Abstract
Introduction. Secondary hemophagocytic lymphohistiocytosis (HLH) is a rare, life-threatening inflammatory syndrome triggered by autoimmune disease, infection, or malignancy. The pathophysiologic mechanisms of HLH implicate an initial dysfunctional cytotoxic lymphocyte-based immune response that fails to eradicate the immunogenic trigger. Continued antigen stimulation results in the activation of cytotoxic lymphocytes, increased IFNγ secretion and subsequent activation of myeloid immune cells such as macrophages, which infiltrate and damage tissues. Bromodomain and extra-terminal domain (BET) proteins bind to acetylated lysine residues on histones and facilitate the recruitment of transcriptional regulatory complexes to chromatin, playing a pivoltal role in regulating the transcription of genes that drive inflammation. The BET inhibitor OPN-51107 binds to the bromodomain of the BET protein BRD4 and inhibits interaction with acetylated lysines residues. We investigated the effects of BET inhibition on the inflammatory features in the murine model of secondary HLH.

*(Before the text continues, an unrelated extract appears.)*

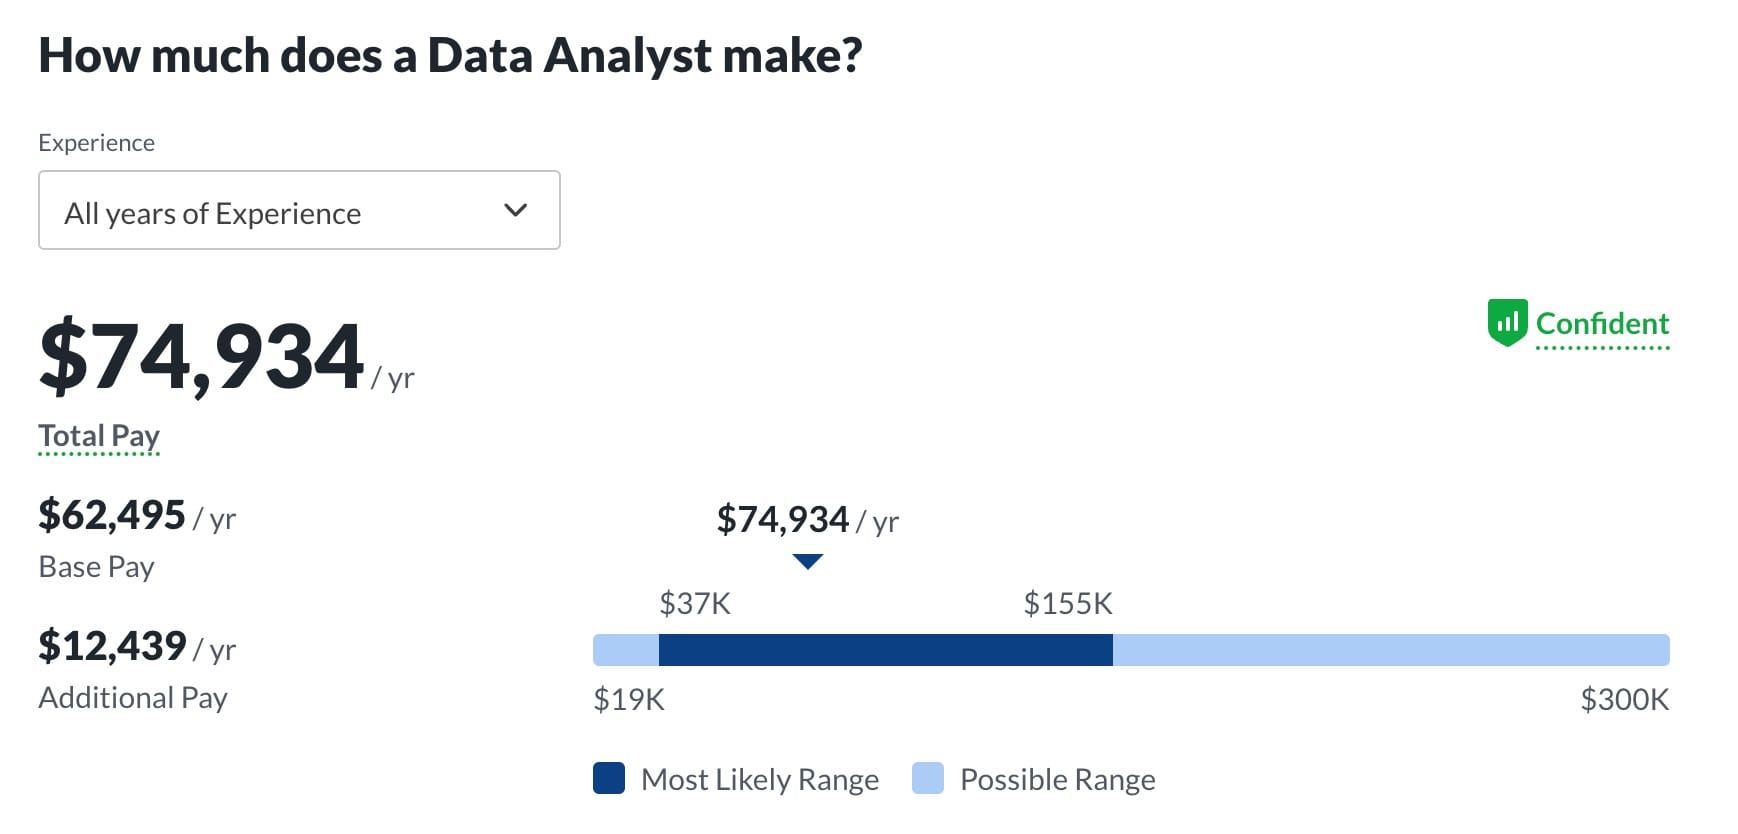 Data Analyst Salary

Materials and methods. We utilized a model of secondary HLH in which the disease is induced in C57BL/6 mice by repeated intraperitoneal injection of CpG 1826 and anti-IL-10 receptor monoclonal antibody. Mice with HLH develop weight loss, cytopenia, hepatosplenomegaly, and cytokine storm. Mice were randomized to three groups: healthy control, HLH treated with vehicle, or HLH treated with OPN-51107 (10 mg/kg/day orally starting on day 4). On day 9, mice were sacrificed. Organ weights and blood counts were recorded. Spleens were processed into a single-cell suspension and cultured for six hours with a Golgi block and analyzed by flow cytometry. Plasma IFN-γ, IL-6, and IL-18 were measured by ELISA. Significance was evaluated using one-way ANOVA, applying multiple comparisons where appropriate.
Results. HLH led to the development of hepatomegaly (p<0.0001) and splenomegaly (p<0.0001) in mice treated with vehicle compared to healthy controls, but mice with HLH treated with OPN-51107 demonstrated a significant decrease in hepatomegaly and splenomegaly compared to vehicle-treated mice (liver p= 0.0009, spleen p <0.0001). Anemia is a core feature of HLH, and the red blood cell count (RBC) was significantly reduced in mice with HLH treated with vehicle compared to healthy control (p <0.0001); we observed a significant increase in the average RBC count in mice with HLH treated with BET inhibitor compared to vehicle (p= 0.0035). Plasma levels of IFN-γ significantly increased in mice with HLH treated with vehicle compared to healthy controls (p= 0.0003) but reduced to baseline in mice with HLH treated with BET inhibitor (p= 0.0156). Furthermore, plasma IL-6 levels rose significantly in mice with HLH treated with vehicle compared to healthy control (p <0.0001) but reduced significantly in mice with HLH treated with OPN-51107 compared to vehicle (p= 0.0002). Similarly, plasma IL-18 levels significantly increased in HLH mice treated with vehicle (p <0.0001) but reduced in mice with HLH treated with the BET inhibitor (p=0.0375). Finally, HLH led to the expansion of splenic myeloid cells (CD11b+, p = 0.0308), especially neutrophils (CD11b+/Ly6C+/Ly6G+, p <0.0001) in mice with HLH treated with vehicle, compared to healthy control mice. HLH is also associated with a notable depletion of CD4⁺ T cells (p <0.0001) in HLH mice treated with vehicle, compared to healthy control. Treatment with OPN-51107 significantly restored the prevalence of these immune cell populations (CD11b+, p = 0.0377; CD4+, p = 0.0140) in treated mice with HLH, compared to the vehicle-treated cohort. Furthermore, intracellular TNF-α production in myeloid cells showed significantly higher intracellular median fluorescence in vehicle-treated HLH mice compared to both healthy controls (p <0.0001) and BET inhibitor treated HLH mice (p = 0.0002).
Discussion. We have demonstrated that BET inhibition alleviates features of inflammation, including organomegaly, anemia, increased cytokine production and the splenic infiltration by myeloid effector cells in the murine model of secondary HLH. Our findings support the potential of targeting BET proteins to alleviate the hallmark symptoms of the disease. Additional research into the mechanisms through which BET inhibition exerts its anti-inflammatory effects in a murine HLH model is warranted.